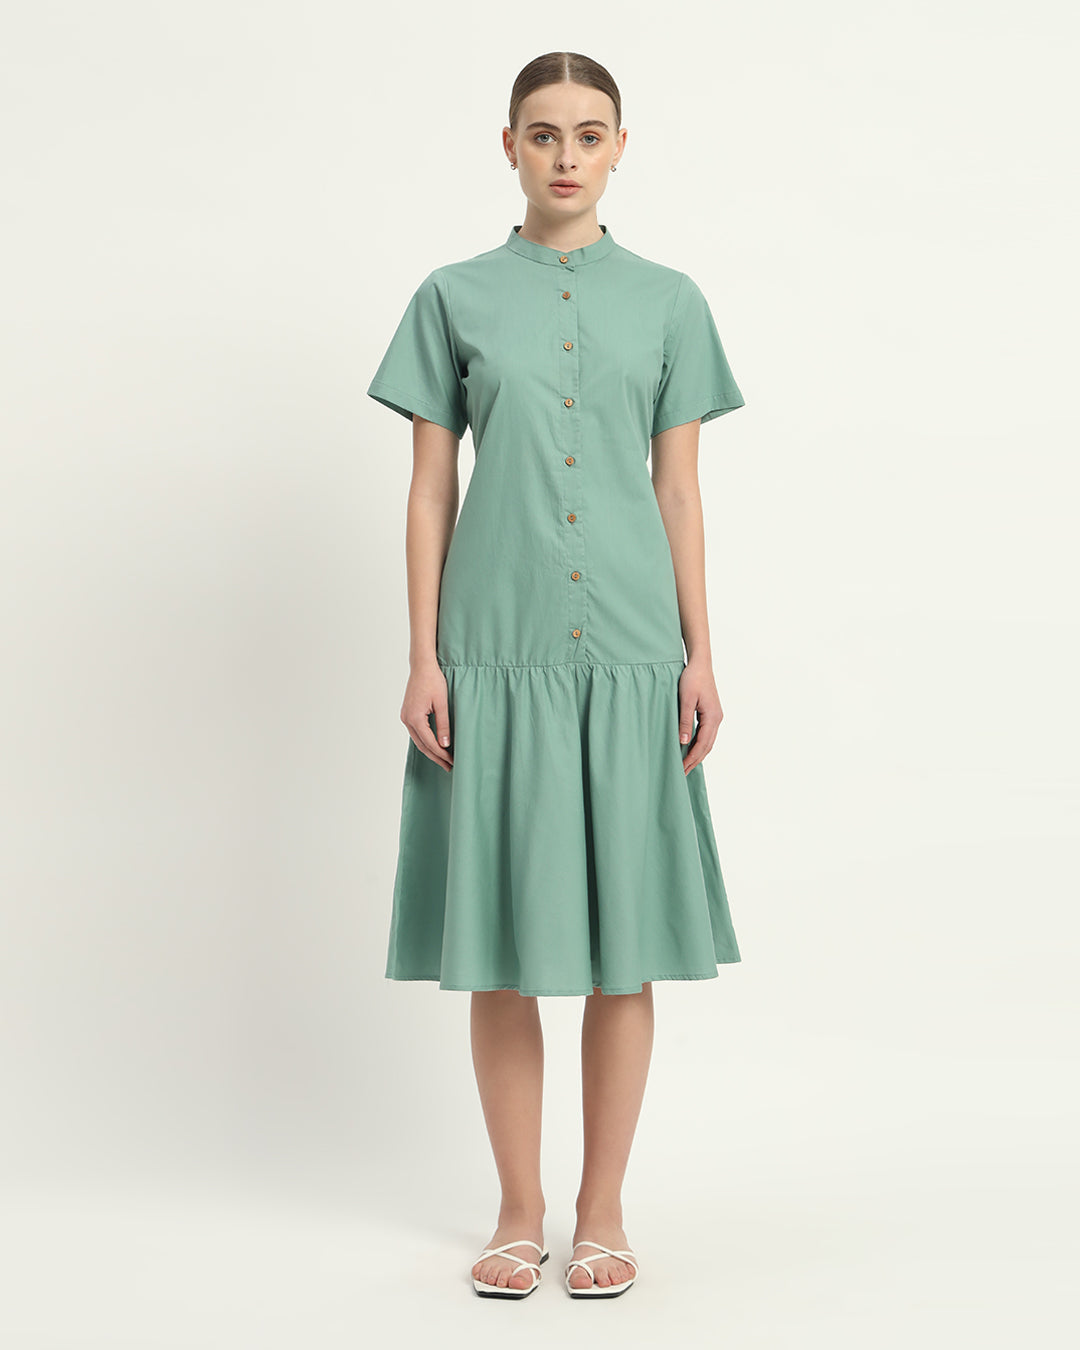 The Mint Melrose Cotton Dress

==

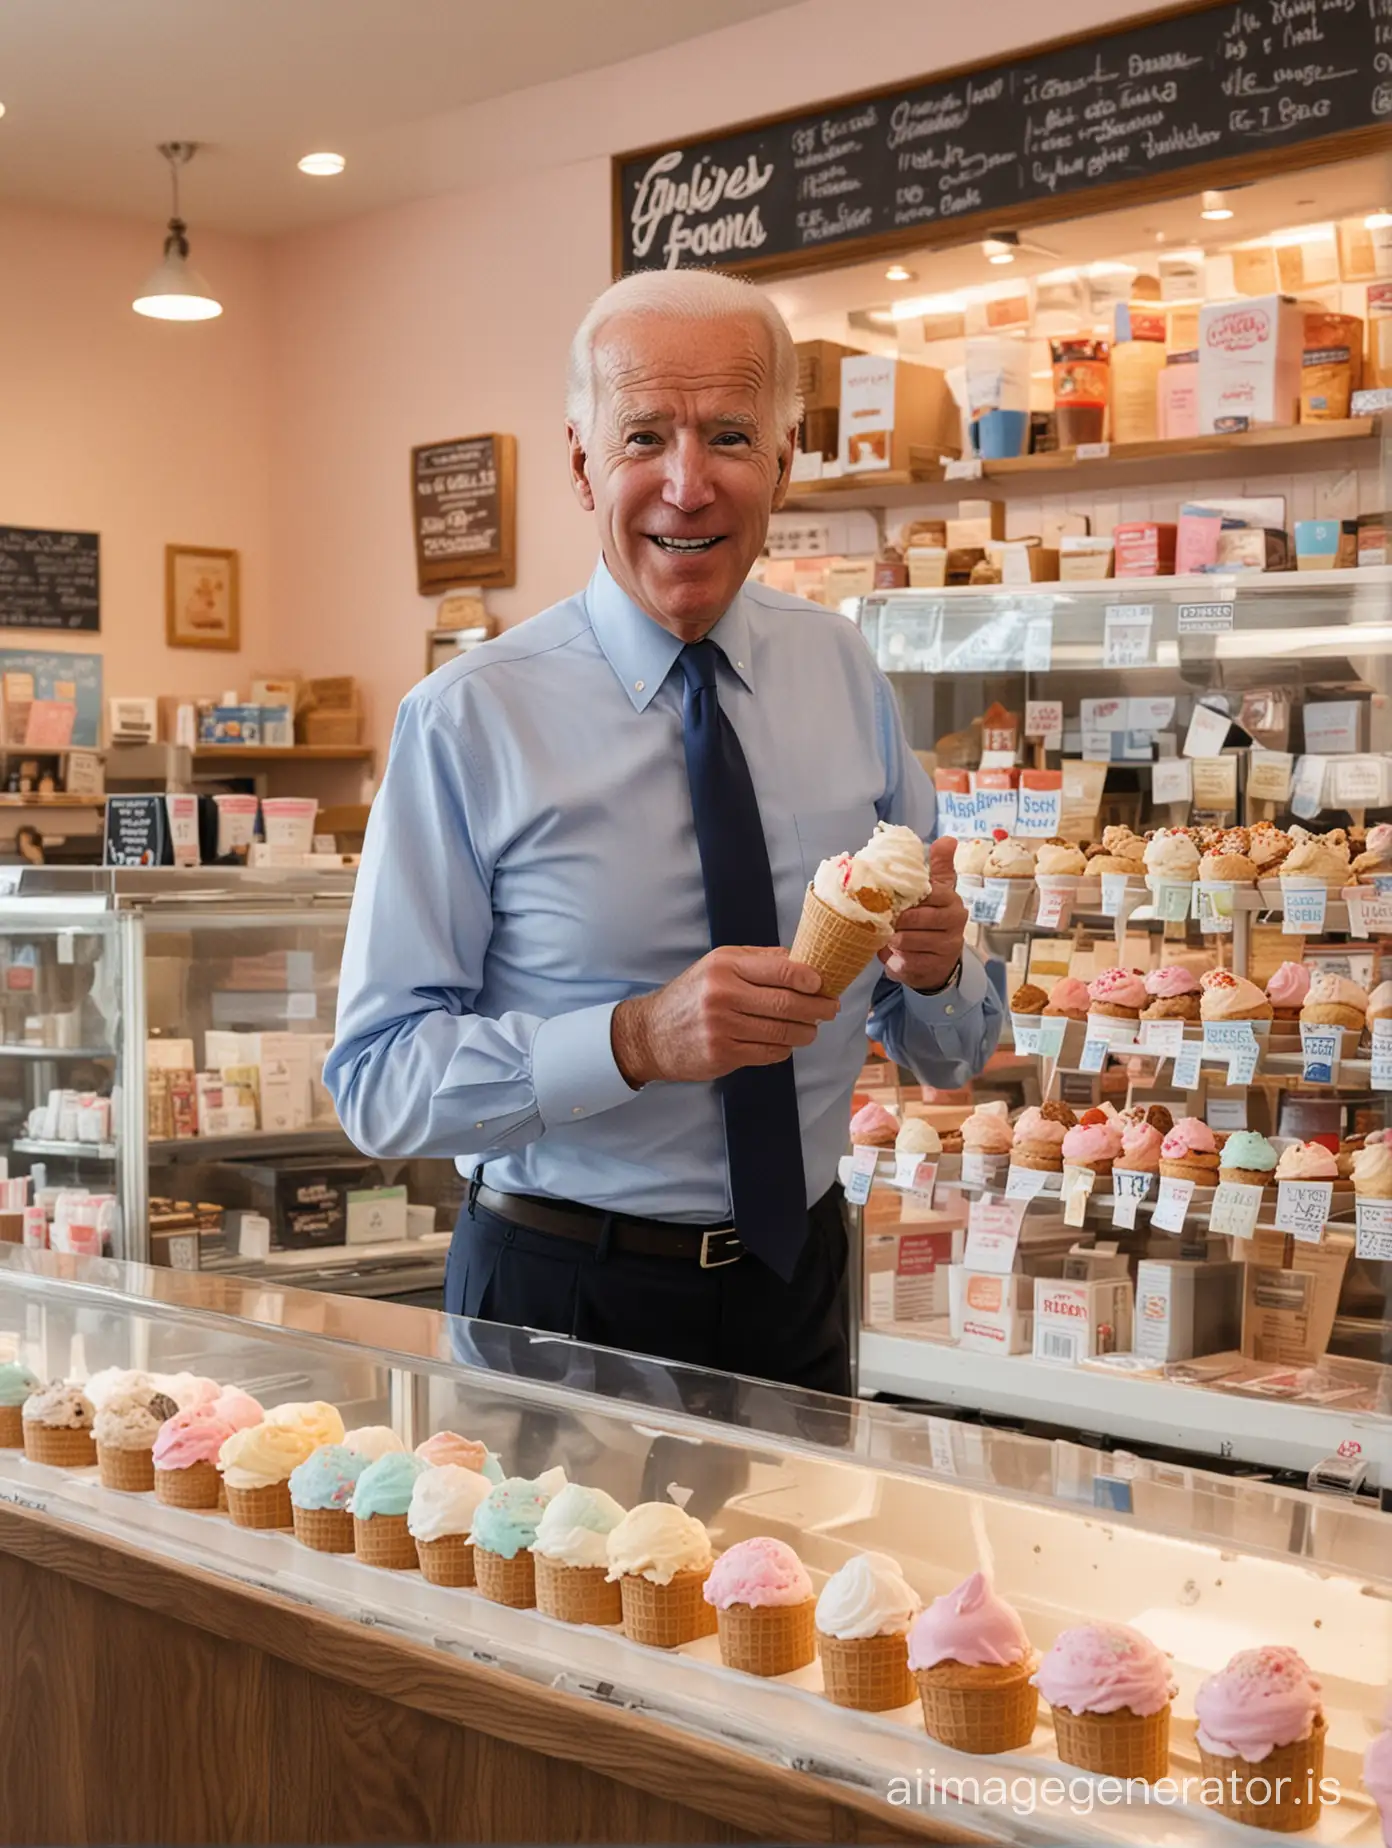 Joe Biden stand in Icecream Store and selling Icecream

--

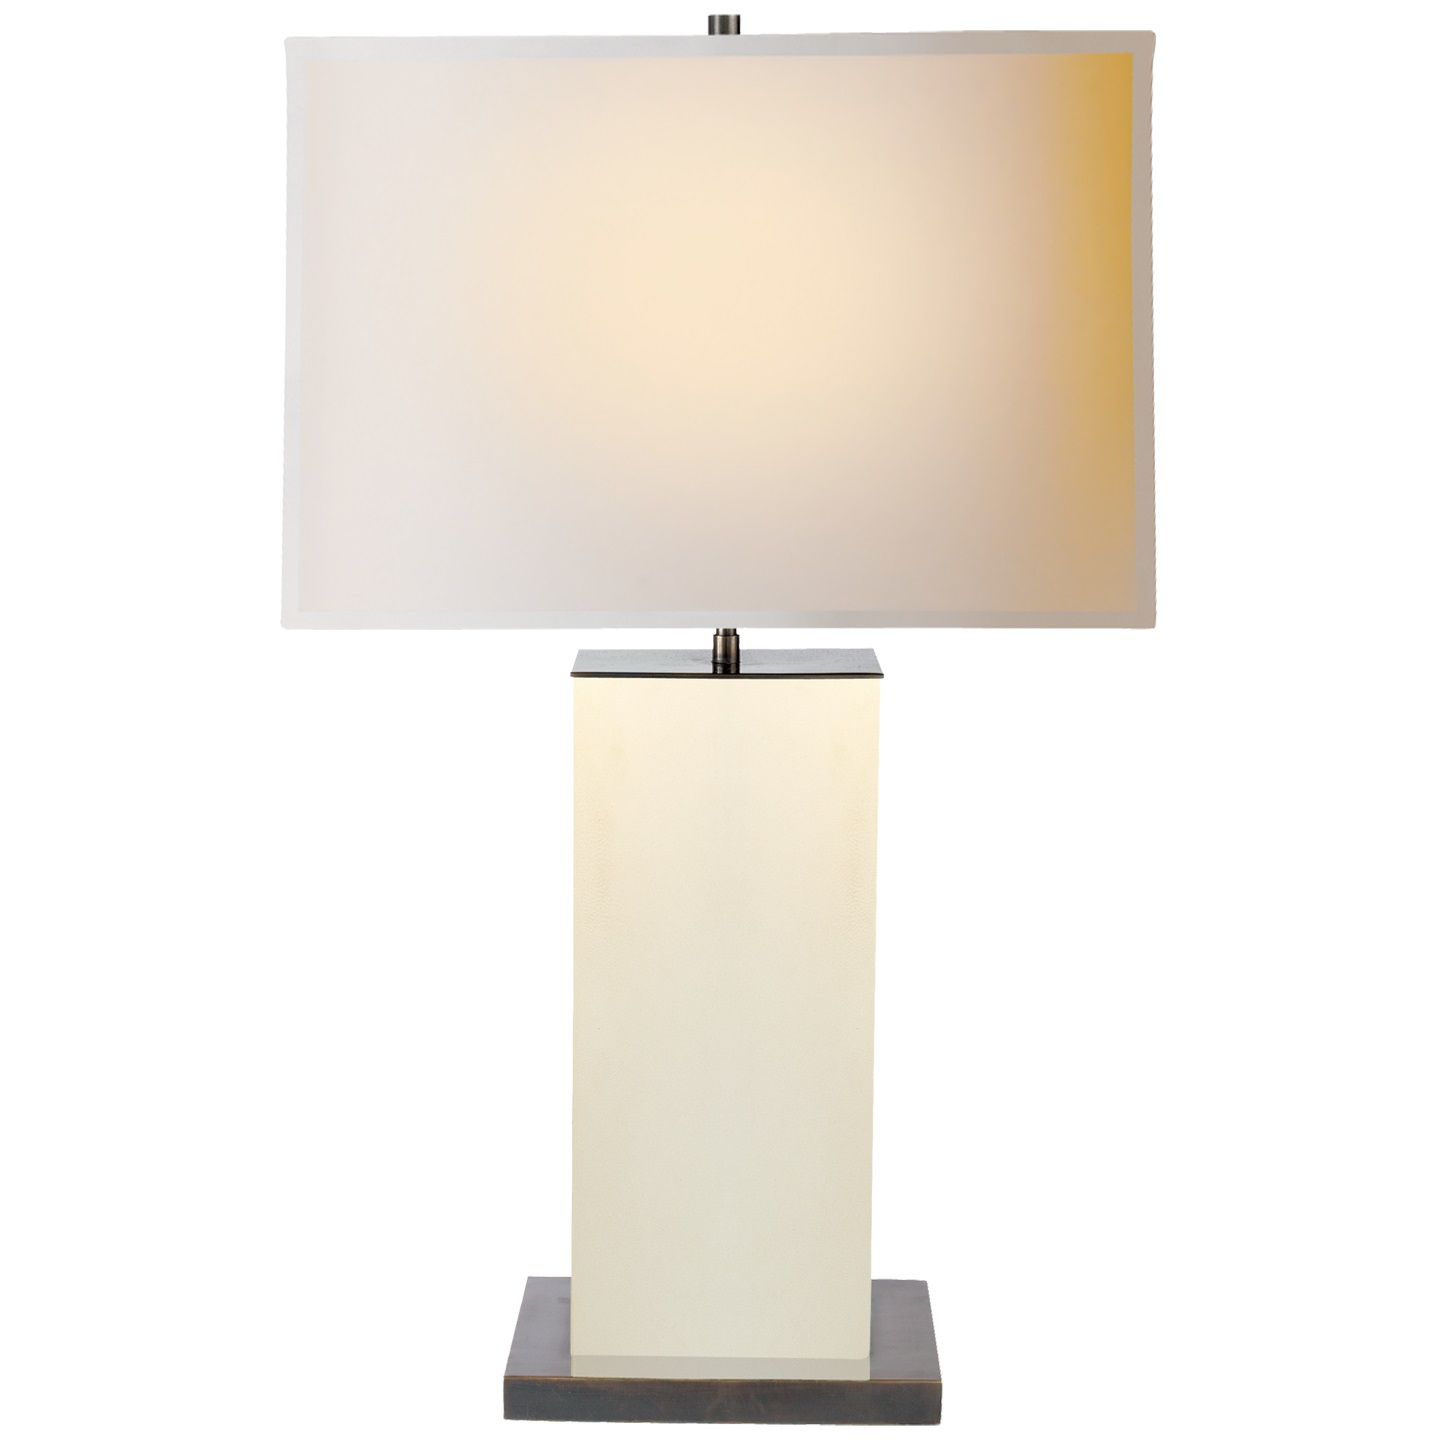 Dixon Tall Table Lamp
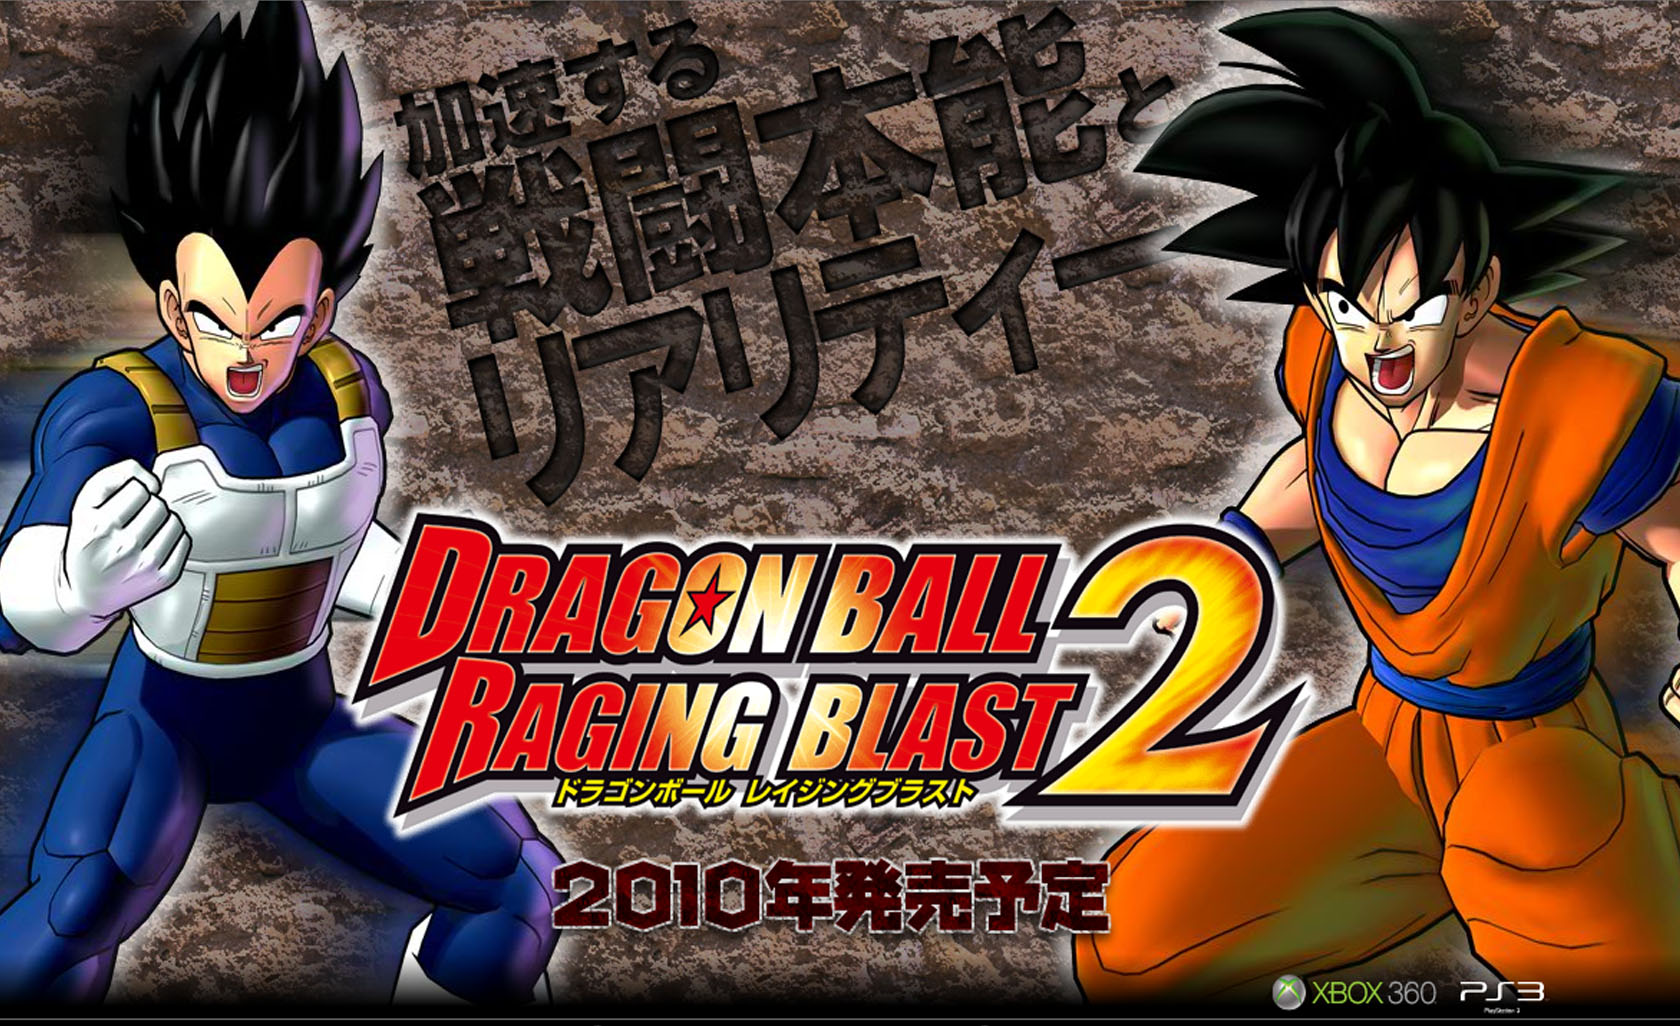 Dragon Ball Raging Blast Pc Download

WORK TO COMPLETE:
Reproduce exactly, with no pictures, the lines above from the one holding "Dixon Tall Table Lamp" to the one holding "Dragon Ball Raging Blast Pc Download", inclusive.

ANSWER:
 Dixon Tall Table Lamp
 Dragon Ball Raging Blast Pc Download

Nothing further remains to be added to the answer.